* TASK OBJECTIVE
The answer must restate the listing word for word, without its images.

* GIVEN DATA
————
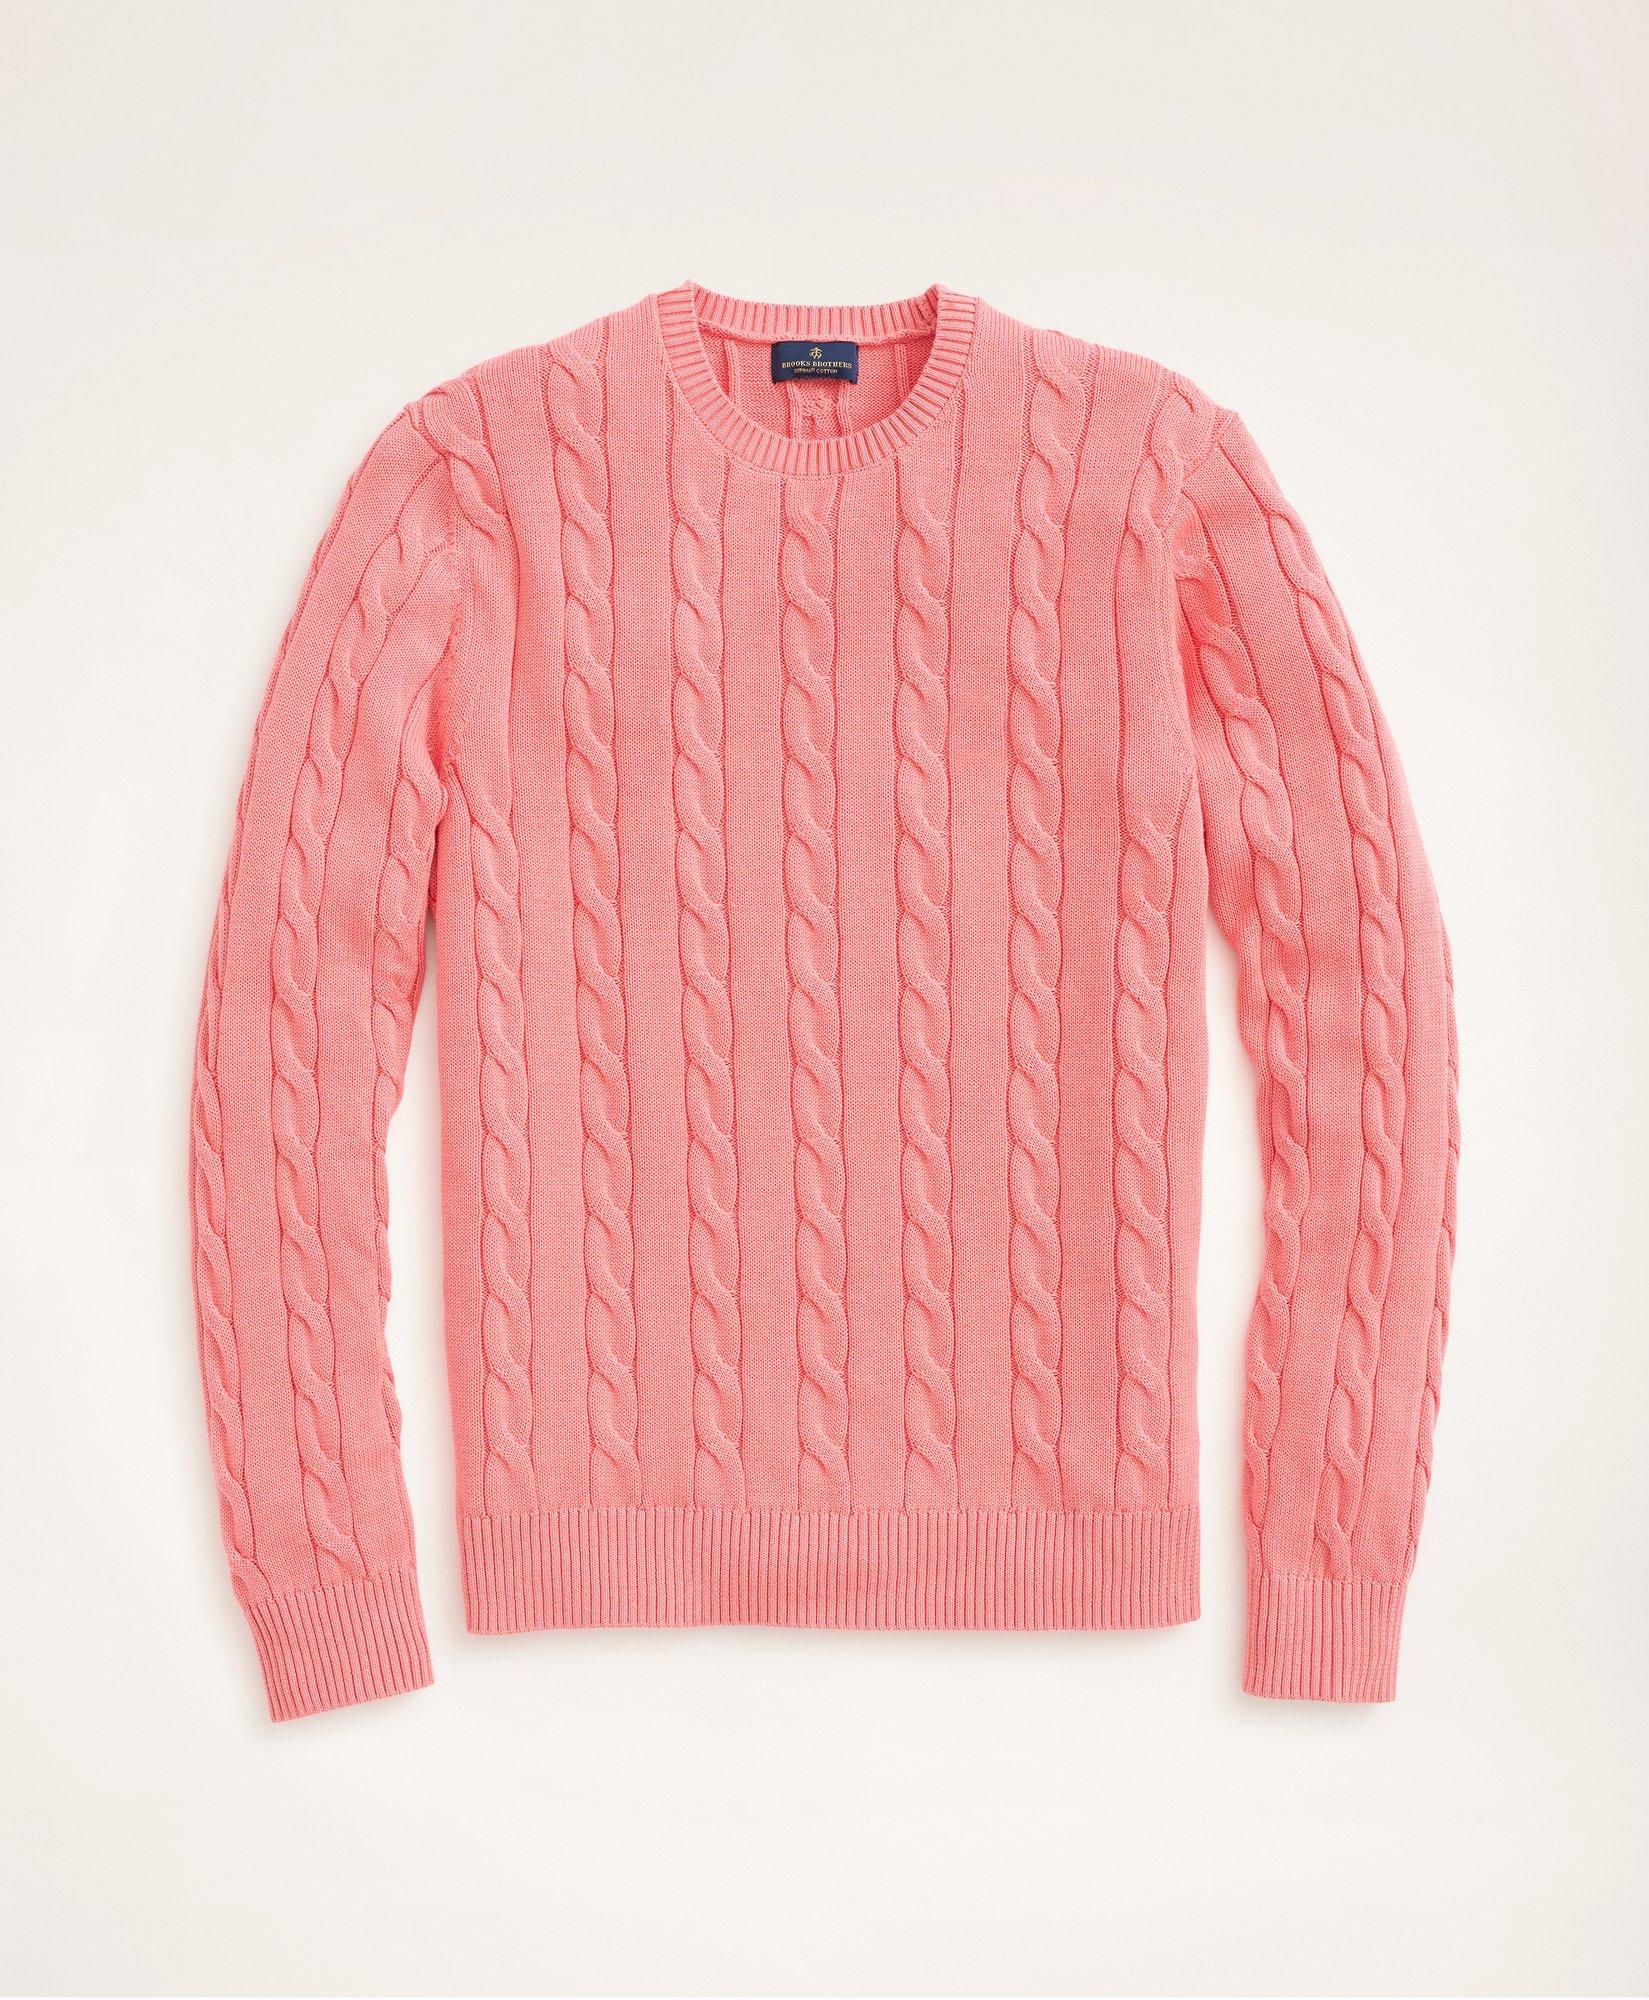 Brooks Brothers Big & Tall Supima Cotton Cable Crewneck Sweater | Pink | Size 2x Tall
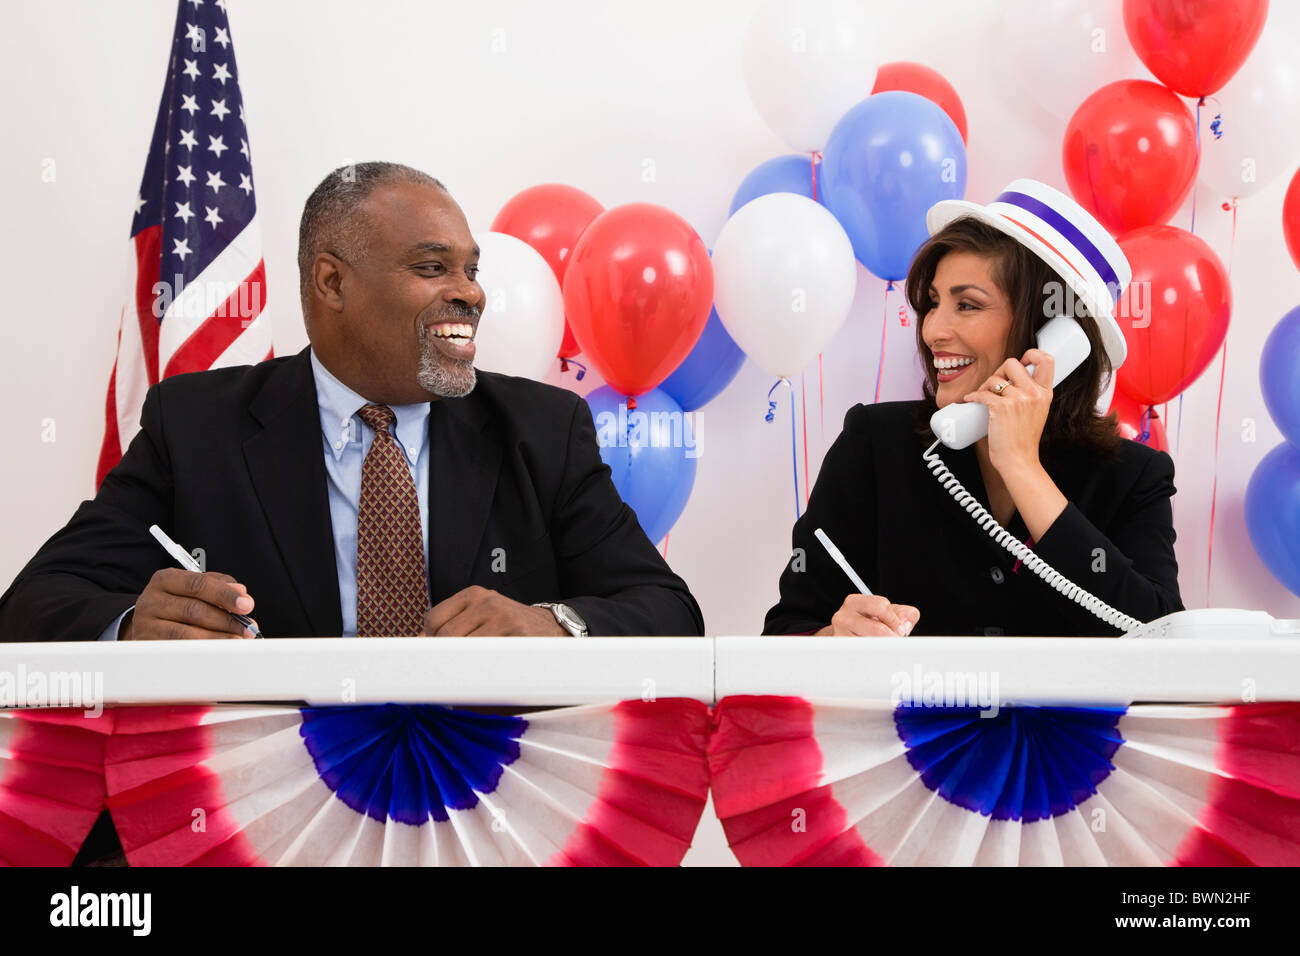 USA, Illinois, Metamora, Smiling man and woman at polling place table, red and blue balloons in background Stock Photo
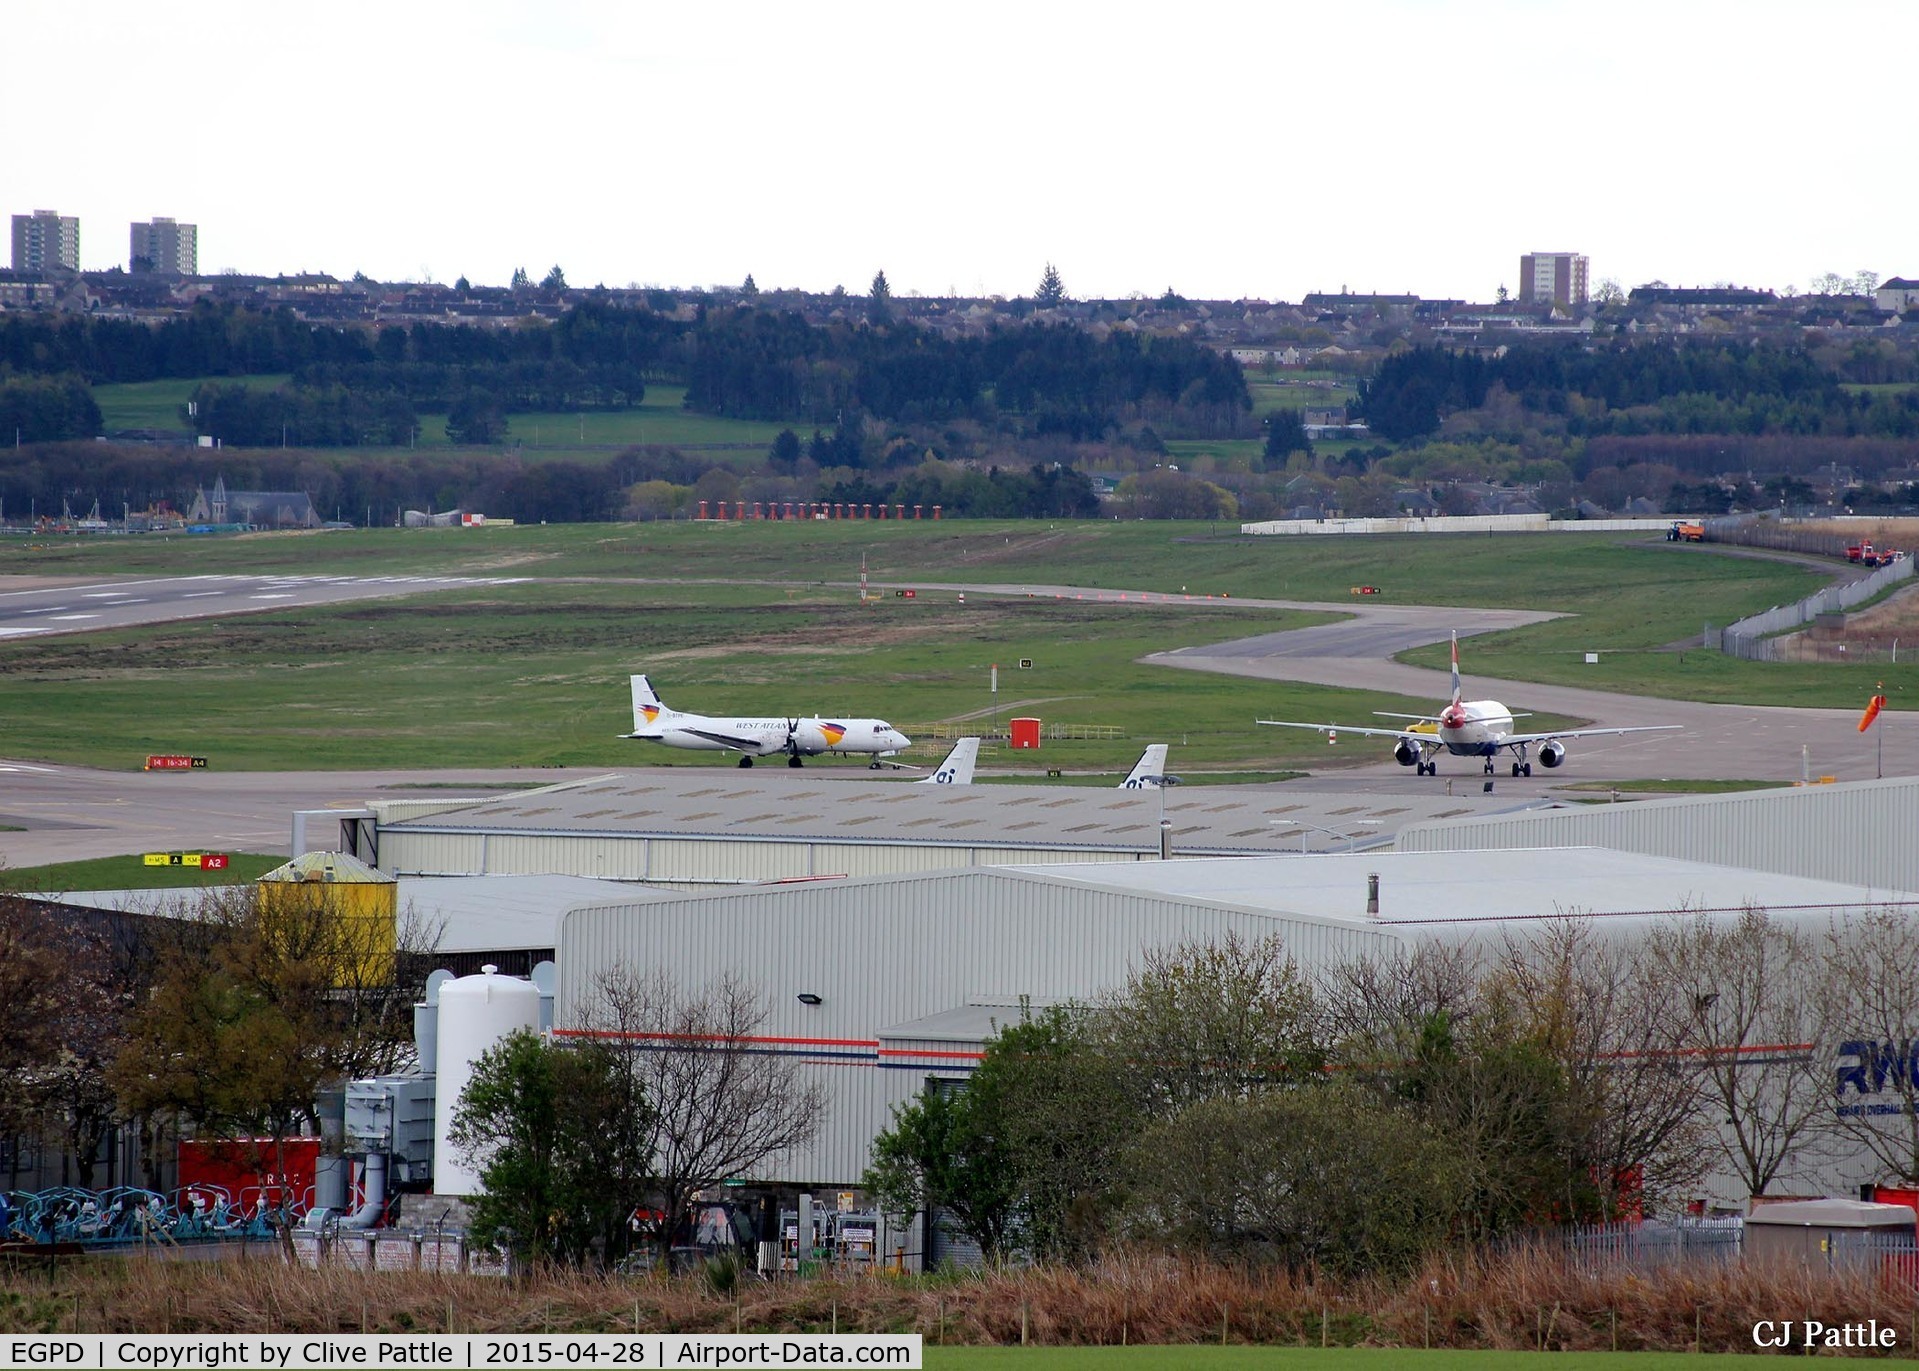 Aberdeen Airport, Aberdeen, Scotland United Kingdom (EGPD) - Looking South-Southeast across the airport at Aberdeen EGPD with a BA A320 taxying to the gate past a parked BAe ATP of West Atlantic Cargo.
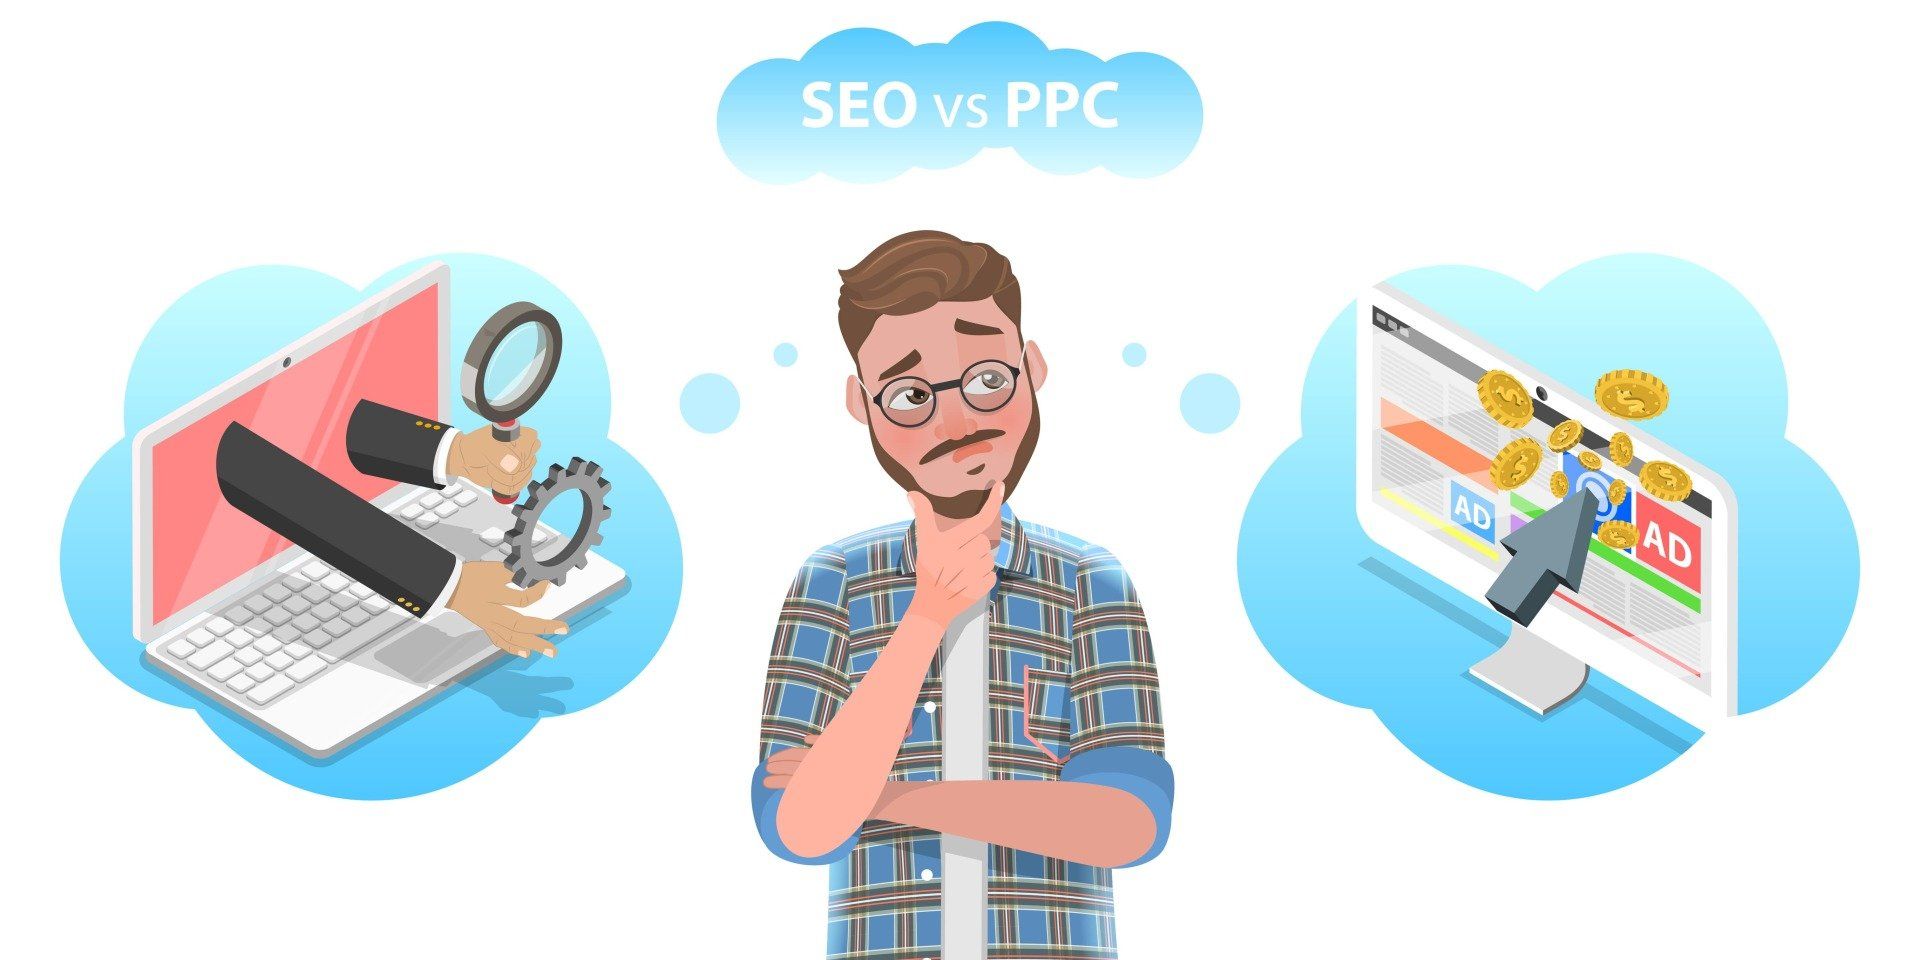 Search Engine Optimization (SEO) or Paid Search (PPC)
————
* FINISHED TASK
 Brooks Brothers Big & Tall Supima Cotton Cable Crewneck Sweater | Pink | Size 2x Tall
 USA, Illinois, Metamora, Smiling man and woman at polling place table, red and blue balloons in background Stock Photo
 Aberdeen Airport, Aberdeen, Scotland United Kingdom (EGPD) - Looking South-Southeast across the airport at Aberdeen EGPD with a BA A320 taxying to the gate past a parked BAe ATP of West Atlantic Cargo.
 Search Engine Optimization (SEO) or Paid Search (PPC)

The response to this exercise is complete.